There are numerous examples of this in the scriptures, but let me focus in on one that involved a man who knew what it was to revel in the love of God - king David.

Now David knew what is was like to be lost in the joy of salvation. There's that very famous and public incident where, dressed only in an ephod (a short petticoat), he danced and leapt before the Lord will all his might, and caught the full acidic sting of the rebuke of his wife, Michael as a result (though she was the one who was judged - see 2 Samuel 6:13 onwards).

Now, all of this was perfectly fine because we read how David was very careful - on this occasion - to do all that was required (6:13) to bring the ark of God into Jerusalem, but the whole enterprise had begun very differently.

The first part of this same chapter tells us how the very same David had sought to transport the same ark into the city not as it was instructed it should be moved - by the priests carrying it, but by placing it in a cart, which had resulted in the instant death of one of his servants (see verses 1-7). The ark had then stayed where it was for months, and the incident had brought about a rift between David and God (verse 8).
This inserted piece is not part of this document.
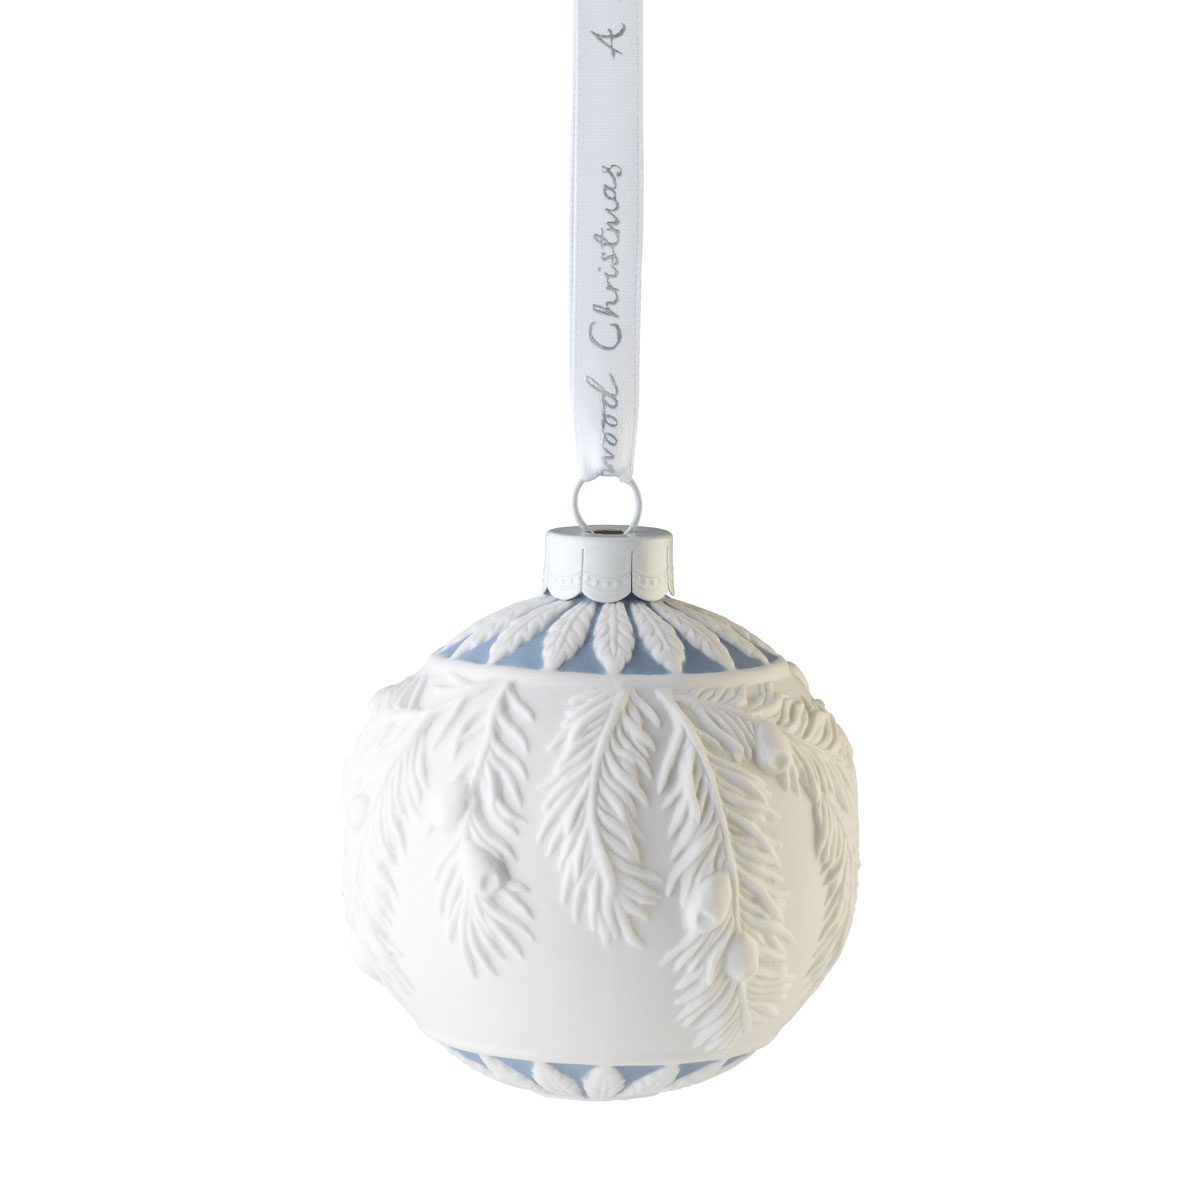 Wedgwood Frosted Pine Bauble Ball Ornament

Did you see the difference? Joy in God's presence was perfectly normal and right when things were done according to what God asks of us, but what happens when we have lots of niceties that we deem to be OK, but in effect are contrary or distracting to what He has asked of us?

"Modern" styles of doing things, especially worship, are not new. As in this story, there are plenty of examples where we devise our own 'free' styles of doing things, and these become what defines us rather than those truths and methods of drawing close to God that have been approved and provided. It isn't that we cannot be joyful before God and with each other (how dreadful would that be!), but we need to understand what happens when the methods (abandoned worship, prosperity teaching, prophecy and miracles) become the core of what we're doing rather than hearing God speak in His Word and Sacraments.

That's what this story teaches us.
Uzzah, David's friend died because of being involved in the wrong techniques to approach God. Over the last five decades, I've experienced and witnessed all manner of forms of 'worship' that have lead to the spiritual death (being burnt out to Christianity) of hundreds - the churches that they said were 'so alive' a few decades ago are gone.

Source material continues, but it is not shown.